Additionally, Alison Silverstein, an energy consultant and former Federal Energy Regulatory Commission senior adviser based in Austin, Texas, said that a Chinese-made AI model called DeepSeek reportedly uses less memory than rival models, cutting energy demand and costs.
"Is there a meaningful risk that the need for massive amounts of new generation and transmission is much smaller than current breathless estimates?" Silverstein asked Jan. 28.
The Chevron spokesperson said the urgency of need, robustness of competition and acceleration of innovation "is why we built the partnership we built."
"We're offering a solution that addresses the urgent need for behind-the-meter, off-the-grid energy to power existing data center infrastructure needs today," the spokesperson said. "We have had several conversations with potential customers, and they are aligned with these needs that require solutions at speed and scale."
Randy Jones, head of the Texas-based Mountaineer Market Advisors energy consultancy, raised another question relevant in the wake of the mid-February 2021 winter storm that left more than 4 million Texas customers in the dark some for days. A big factor in that crisis was the failure of gas-fired generation.

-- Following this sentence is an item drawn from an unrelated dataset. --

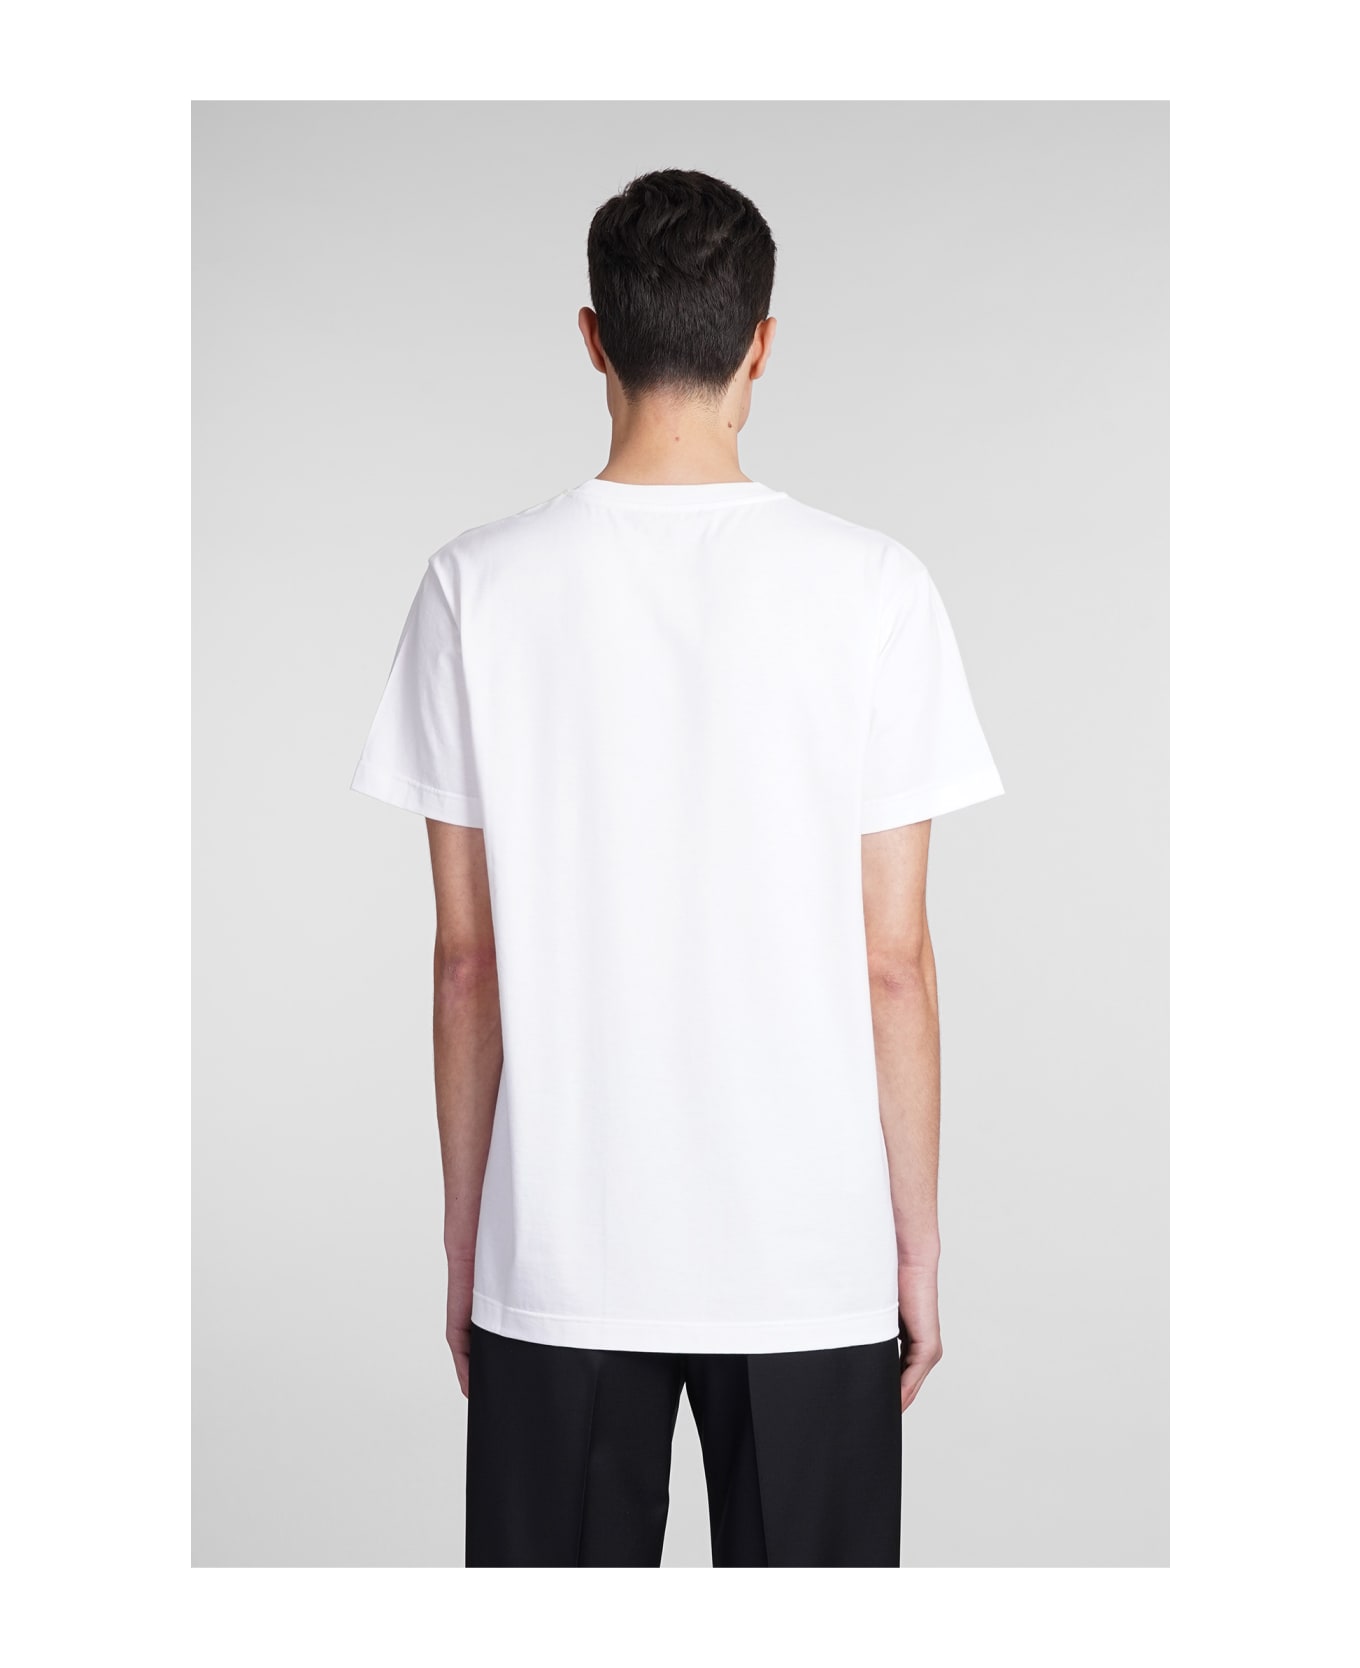 Giuseppe Zanotti Lr01 T-shirt In White Cotton - white シャツ

"The arrangement ... begs the question of, 'What happens in a condition following a contingency of lost generation?'" Jones said. "Will the data center become a client of the transmission and service provider for real power? Will the reactive requirements fall to the TSP?"

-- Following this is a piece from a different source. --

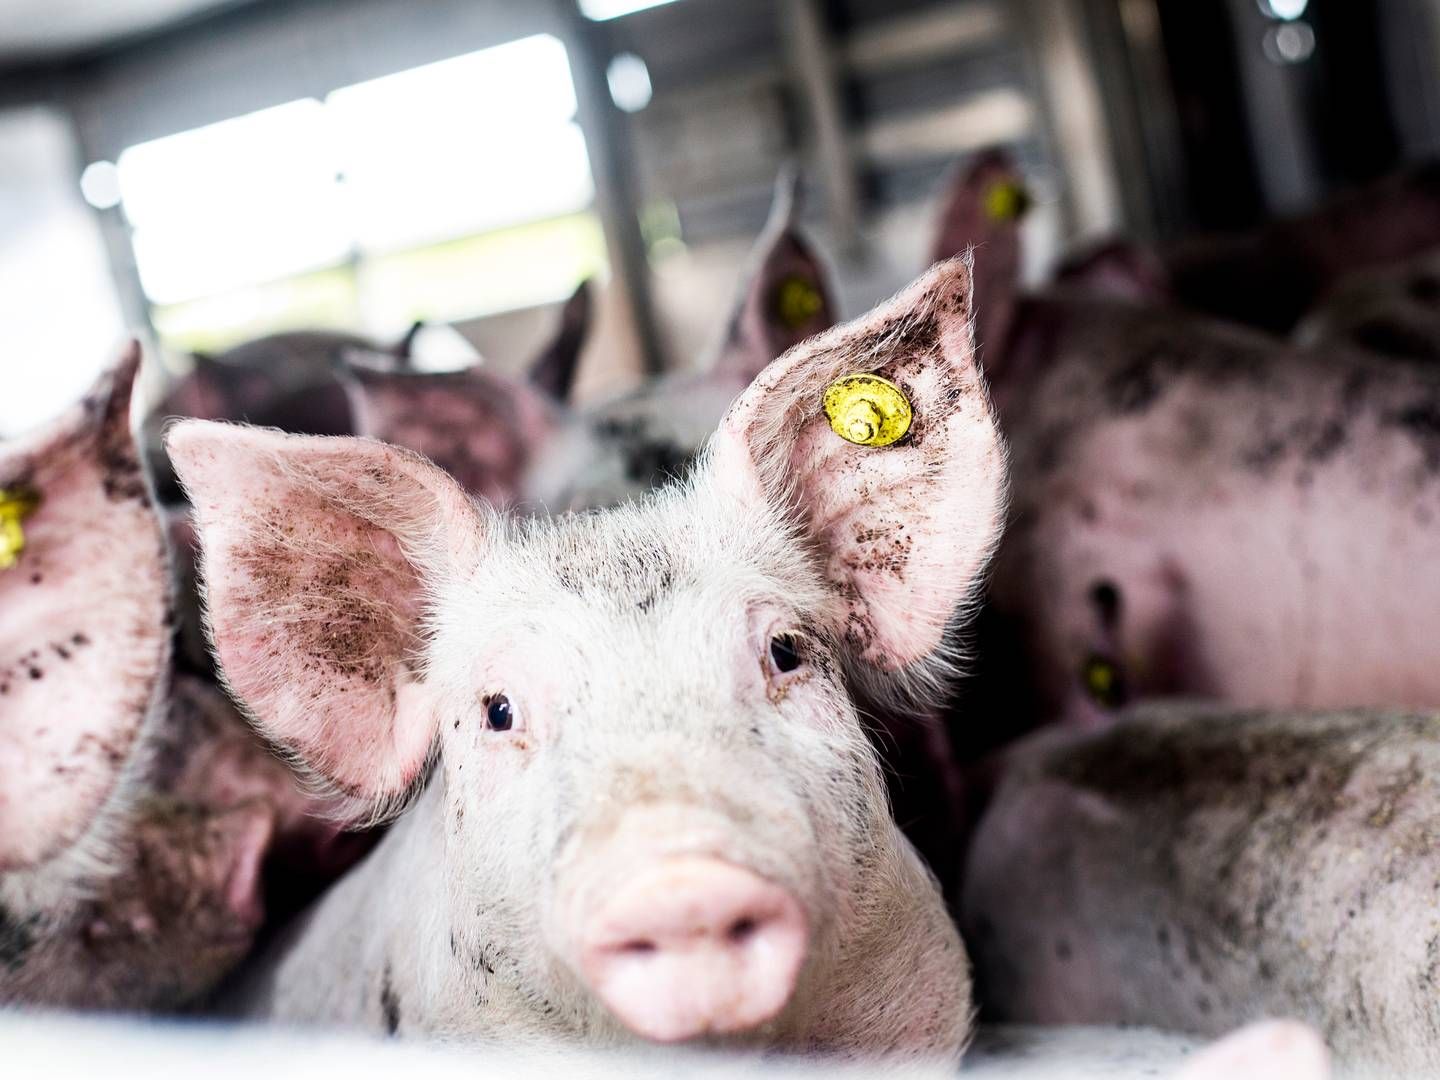 En virksomhed, der transporterer grise i Danmark, er blevet idømt en bøde for at være ansvarlig for, at to grise blev behandlet groft uforsvarligt. | Foto: Janus Engel

The generation developers did not address this question, but the news release said that over time the model is "designed to sell surplus power to the US power grid through future interconnects, supporting broader energy demands while keeping costs low."
Commodity Insights' Piper said these projects may face competition from renewable-plus-storage projects, which "could at least impact supply negotiations."
In the news release, Chevron Chairman and CEO Mike Wirth described this effort as playing a part in "President Trump's vision for a new American golden age, powered by our enormous energy resources and unrivaled workforce."